Search code examples
sqlentity-relationshipdatabase-normalizationerd

SQL: Is this normalized? Extra field in an entity


I'm working on an ERD for a context where a therapist can make tests for clients to take, and there is a rule that after creating the test, the therapist can add items to it until the test has been taken by a user.

There is a:

TestSession entity

SessionID, 
TestID PK, 
etc etc

and a

Test entity

TestID
Taken t/f

There would a trigger that sets Test.Taken to true if a Session with the matching TestID is added. A group member made a case that Test.Taken is repetitive and not normalized, since the same information can be approximated by searching TestSession for the particular TestID as needed. In this case, normalization being 4NF or BCNF.

Does it more make sense to have a Test.Taken field that's updated by a trigger or to find the same info ad hoc from TestSession when it's needed?


Solution

  • I will try an answer from a practical point of view. Although normalization is important, I would design more starting from how your data is really used. Also, I will provide examples based on T-SQL, but they can easily be converted to any SQL flavor.

    1) not defining Test.Taken. To get entity information along with its usage you should write a query like the following:

    SELECT T.TestID, CAST((WHEN TS.TestID IS NOT NULL THEN 1 ELSE 0 END) AS BIT) AS Taken
    FROM Test T
        LEFT JOIN TestSession TS ON TS.TestID = T.TestID
    

    This can be embodied into a view if it is used in several places.

    To insert data in your structure, you simply make an INSERT into TestSession table.

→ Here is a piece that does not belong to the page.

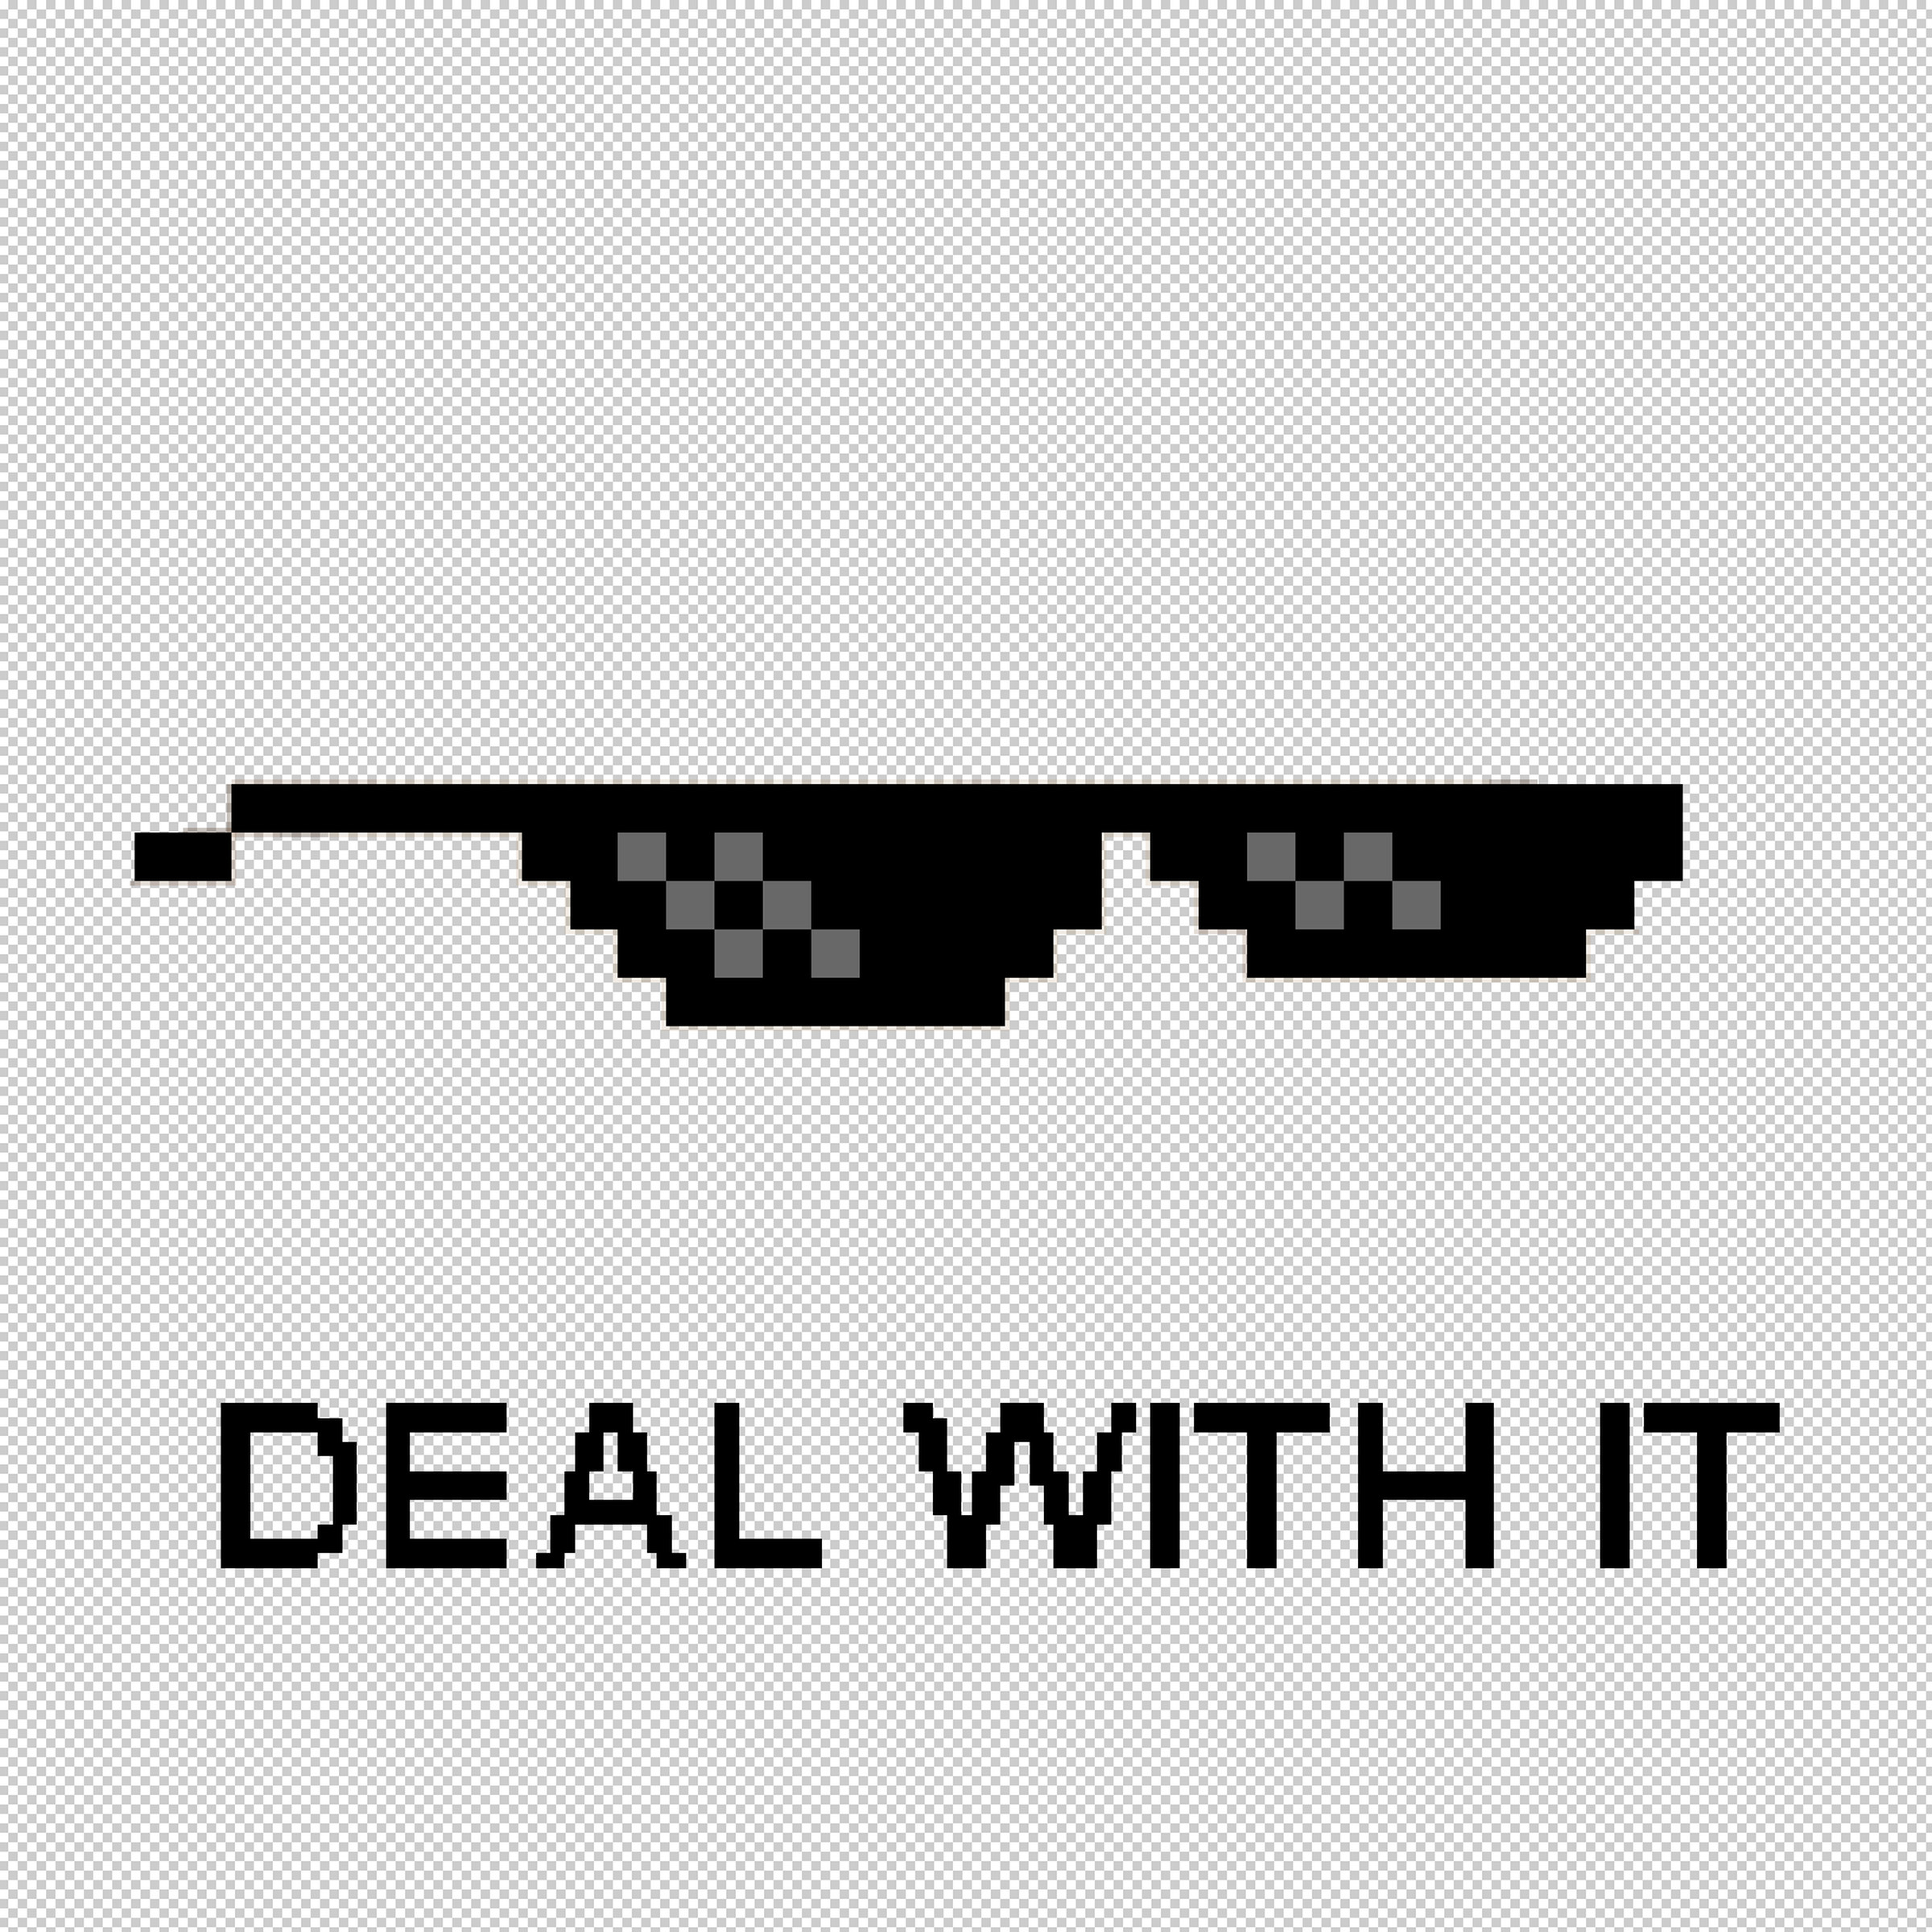 Deal with it glasses and text
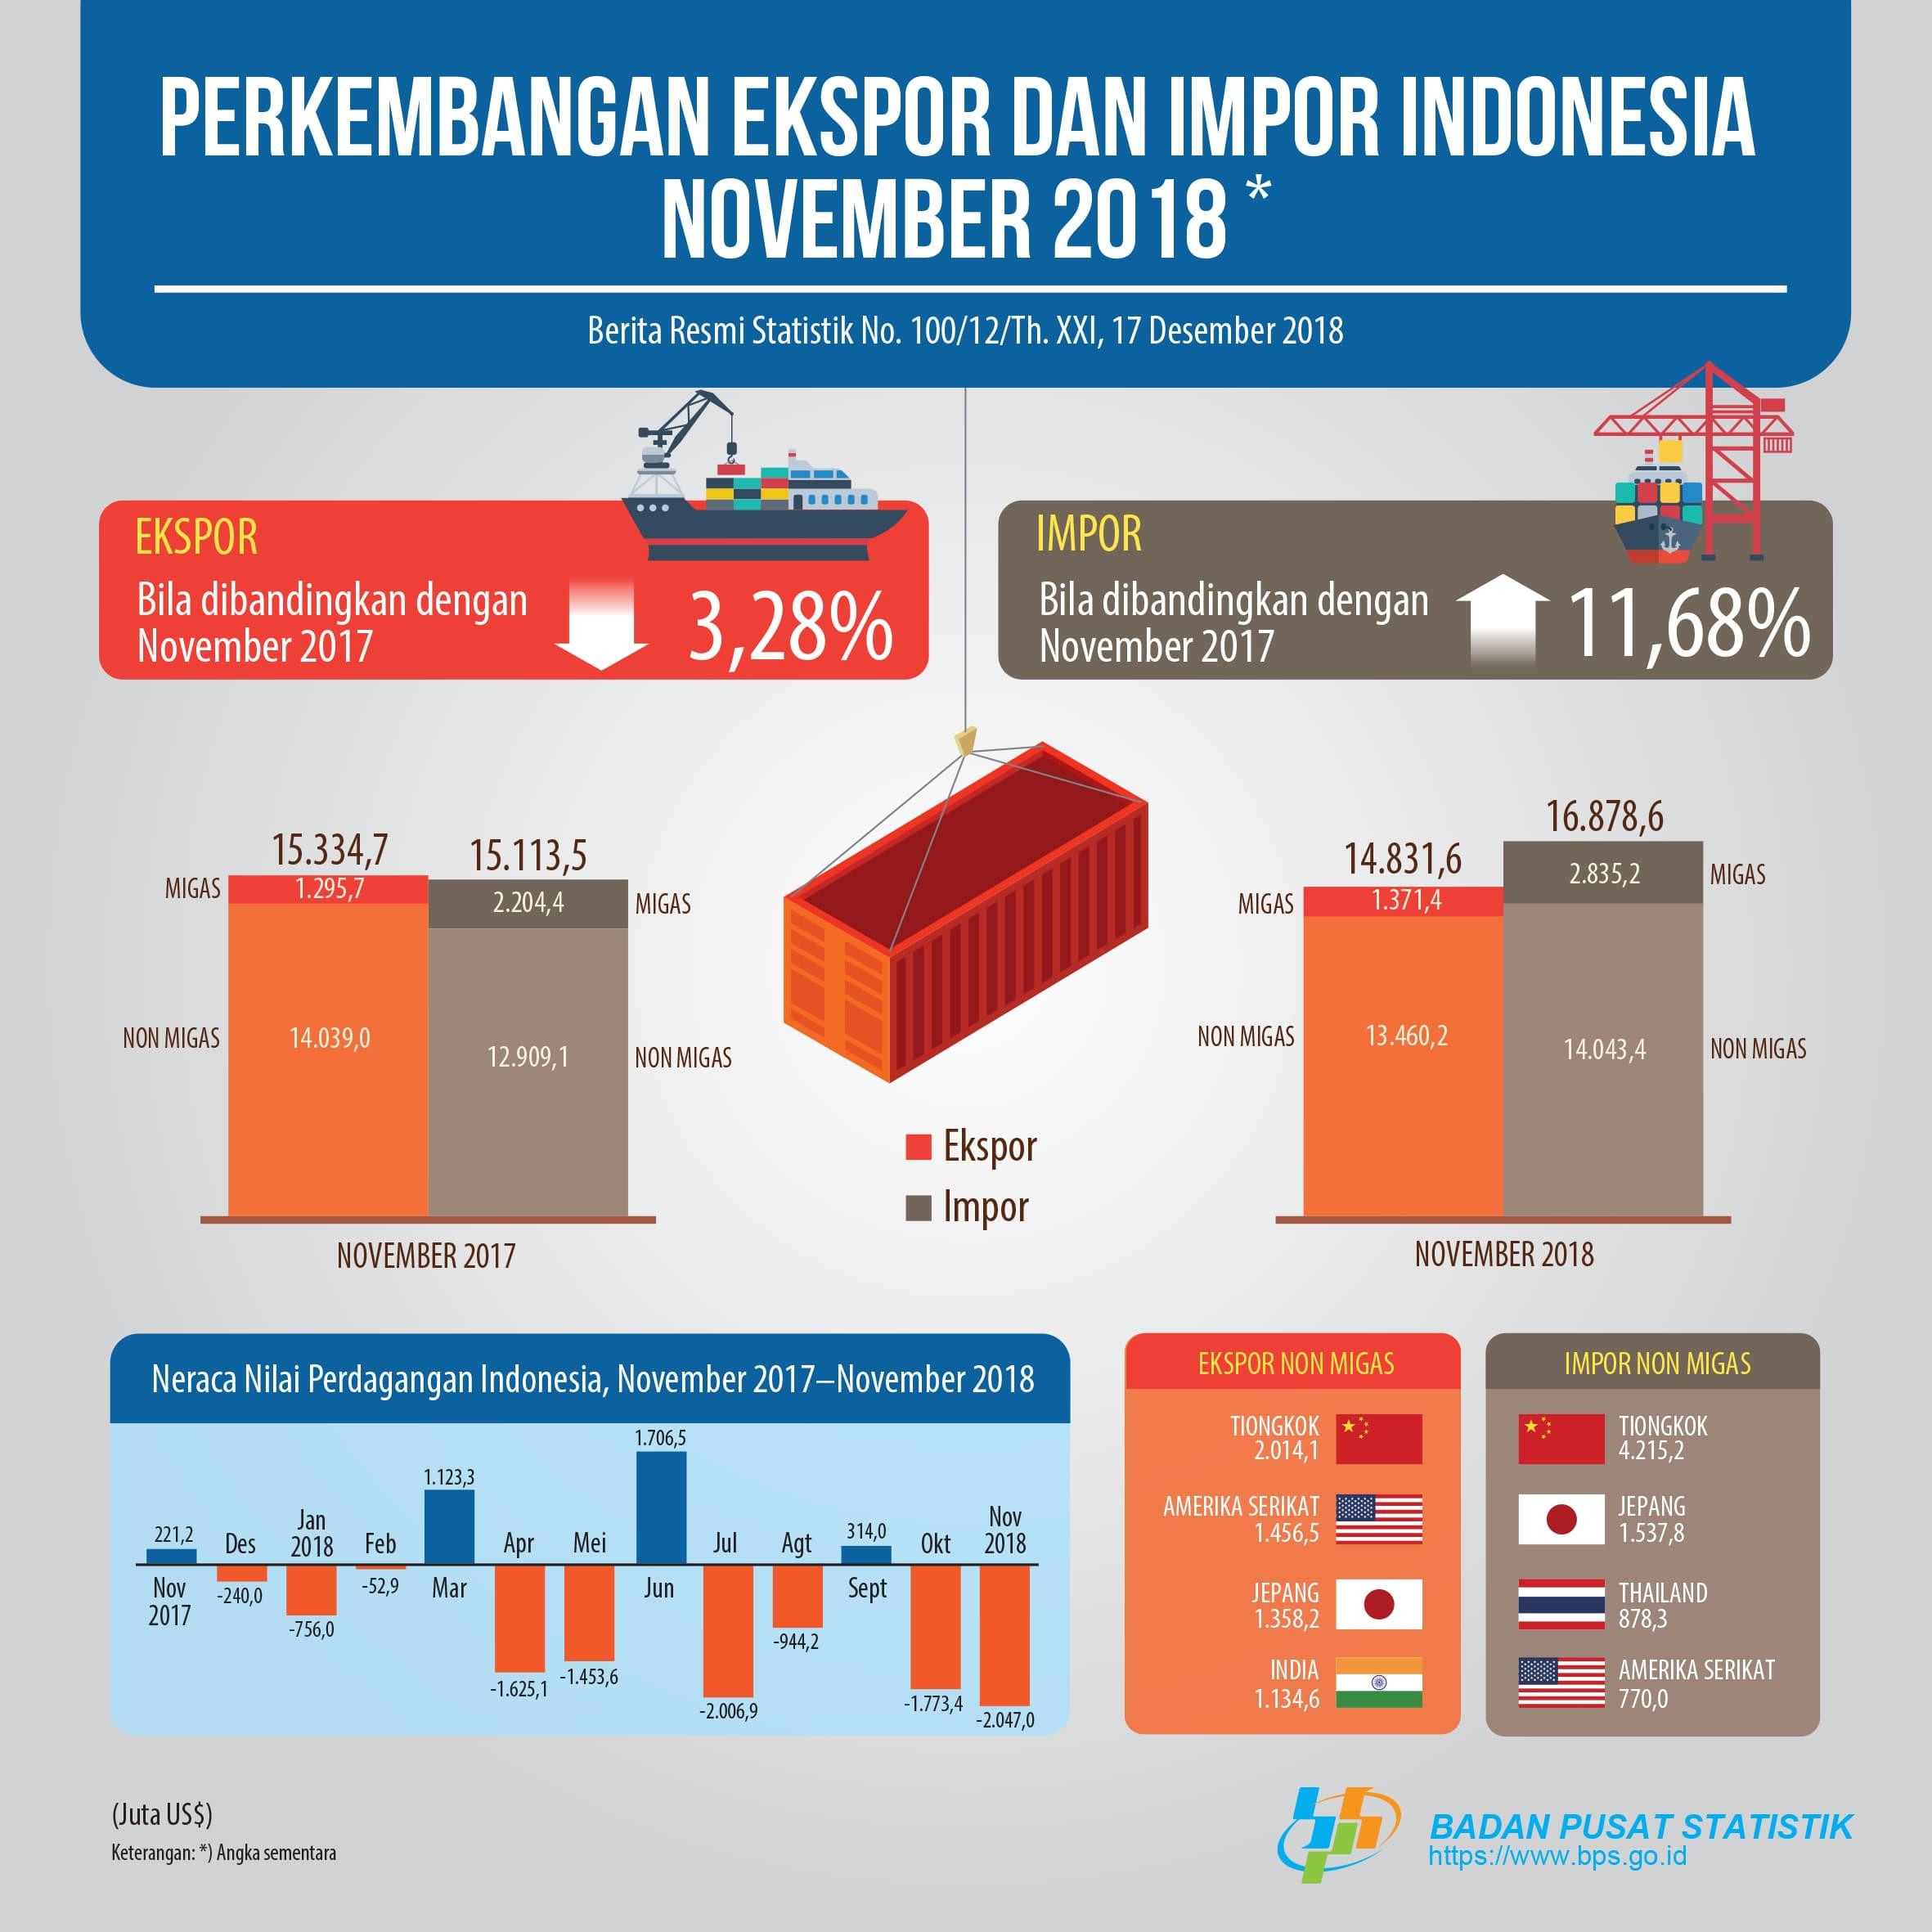 November 2018 Exports Reached US $ 14.83 Billion. Imports in November 2018 amounted to US $ 16.88 billion, decreased 4.47 percent compared to October 2018.

    2) defining Test.Taken. To get the same information as above, the query becomes simpler and faster:

    SELECT T.TestID, T.Taken
    FROM Test T
    

    However, a session insertion will be slightly complex (trigger is not required, just use a transaction):

    BEGIN TRAN
    SET XACT_ABORT ON
    
    INSERT INTO TestSession (TestID)
    VALUES (@TestID)
    
    UPDATE Test SET Taken = 1 WHERE TestID = @TestID
    COMMIT
    

    If you do not handle a very large number of records (~10-100M or more), first approach can be used as it simplifies data persistence and reduces the risk of inconsistencies. For very larger structures where performance becomes a problem, redundancies may help.